The two Yeohs had never paid for their shares. Therefore, Lee claimed

 the Yeohs should not have had authority to represent the co;

 even if they had authority, they were acting outside the powers given to the
directors;

 the transaction was not for the benefit of Metro but for the benefit of another
co.

The courts held:


a. Where a co has general powers to borrow money for the purposes of its
business, the lender is not bound to inquire into the purpose for which the
money is to be used.

b. Directors have both actual authority and apparent authority in matters


where borrowing money and charging co property is concerned.

c. Misapplication of money by the co does not avoid the loan in the absence
of knowledge on the part of the lender that the money was intended to be
misapplied.

d. Parties are presumed to be acting in good faith unless unless the contrary
is proved.

A third party is not put on notice by an express requirement that the power is only
exercisable for the purposes of the co’s business.

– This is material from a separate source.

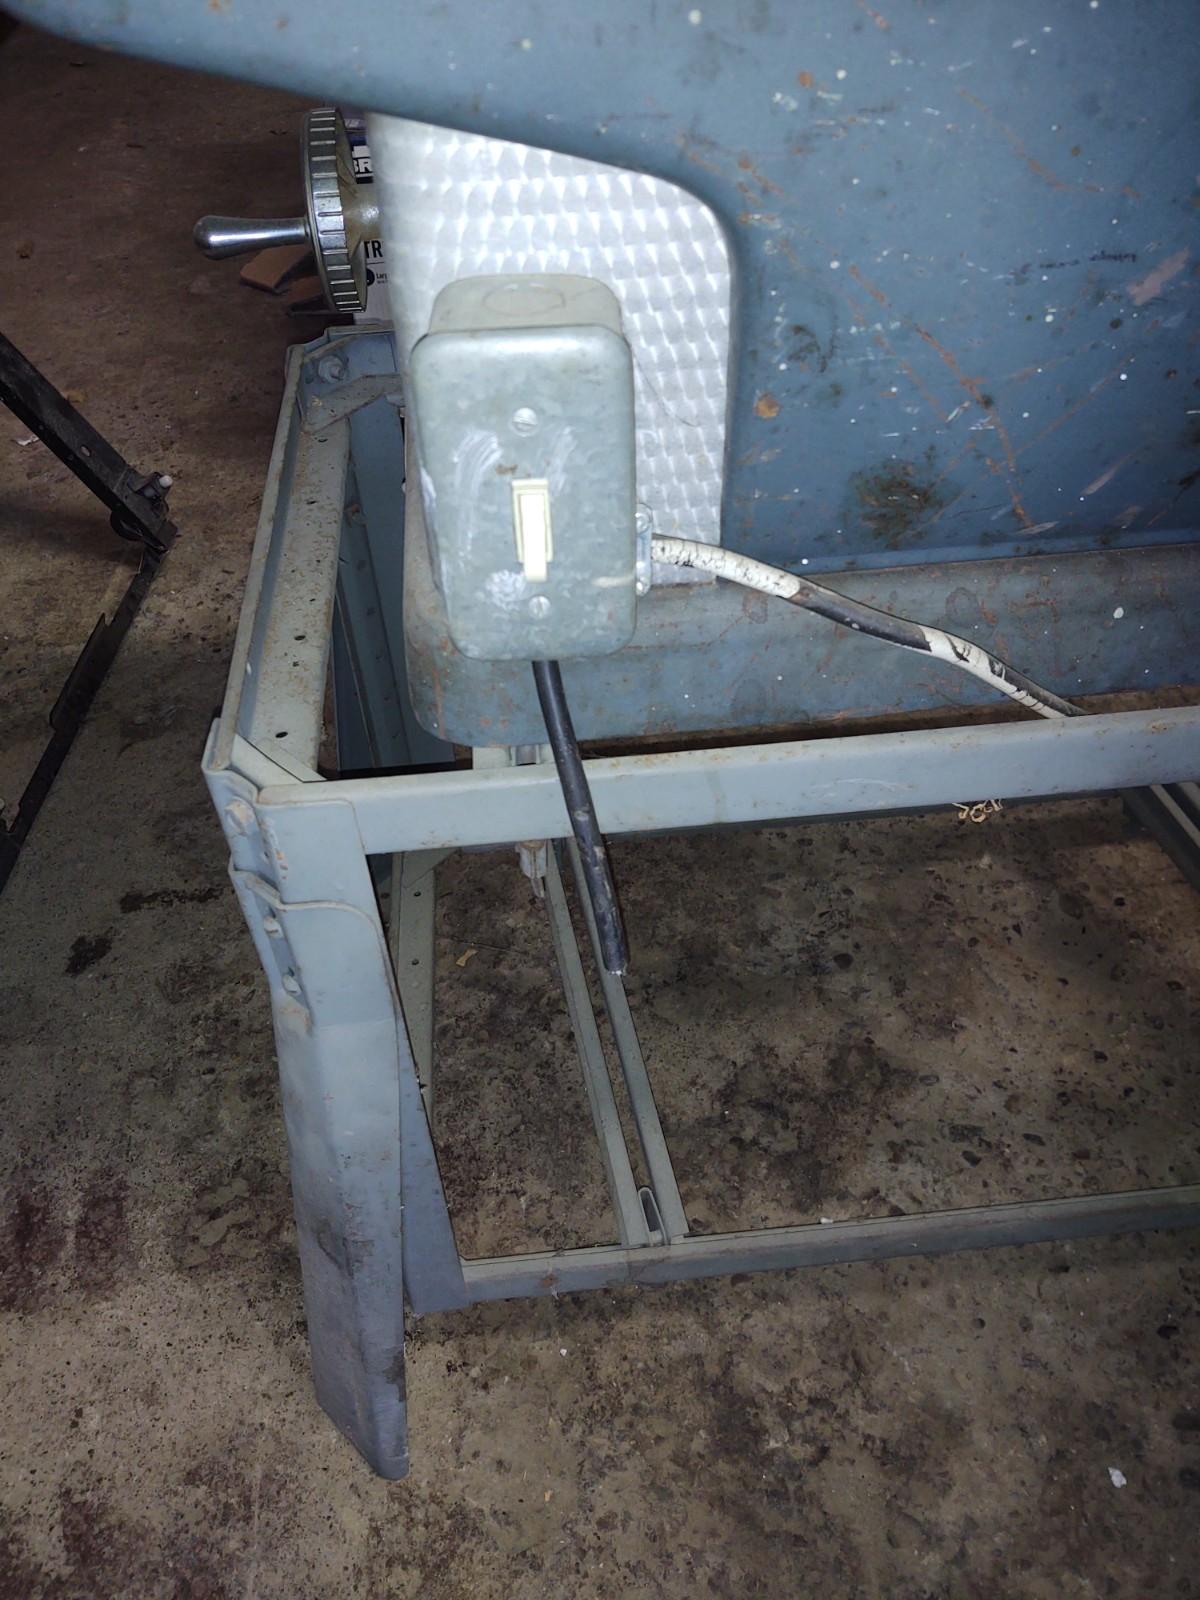 CRAFTSMAN TABLE SAW, WIRE CUT (NEEDS RE-WIRED) - PICK UP ONLY

Section 20(2): ULTRA VIRES NOW ONLY VALID IN THE FOLLOWING


SITUATIONS

Those who can rely on the lack of co capacity (those who can question the co’s
actions)

Section 20(2)(a): proceedings against co by members or debenture holders to


stop an ultra vires act;
Here, the contract has already been entered into between the company and the third
party but no activity under the contract has taken place.

This section must be read together with section 20(3).

Section 20(2)(b): proceedings by members or co against co officers (present


and former);

Here, the contract has already been entered into between the company and the third
party but the members wish to discipline the co officers who were responsible for
entering into the ultra vires contract on behalf of the co.

Section 20(2)(c): petition by Minister to wind up co.

Entering into ultra vires contracts is one of the grounds which a Minister can refer to
when attempting to wind up a company. However, it cannot be used as a main
grounds.

Furthermore, section 20(1)

Foss v Harbottle

Co is the proper plaintiff and it is the BoD who must bring an action on behalf of the
co. However, if current BoD responsible for ultra vires transaction?

i. Shareholders remove BoD

ii. Shareholders appoint new BoD

iii. New BoD sue old officers.


d. Section 20(3):

If acts are not yet performed, court can stop co from carrying out the act and can
order compensation for any loss sustained by all parties, if just and equitable.

However, court will not award anticipated profits.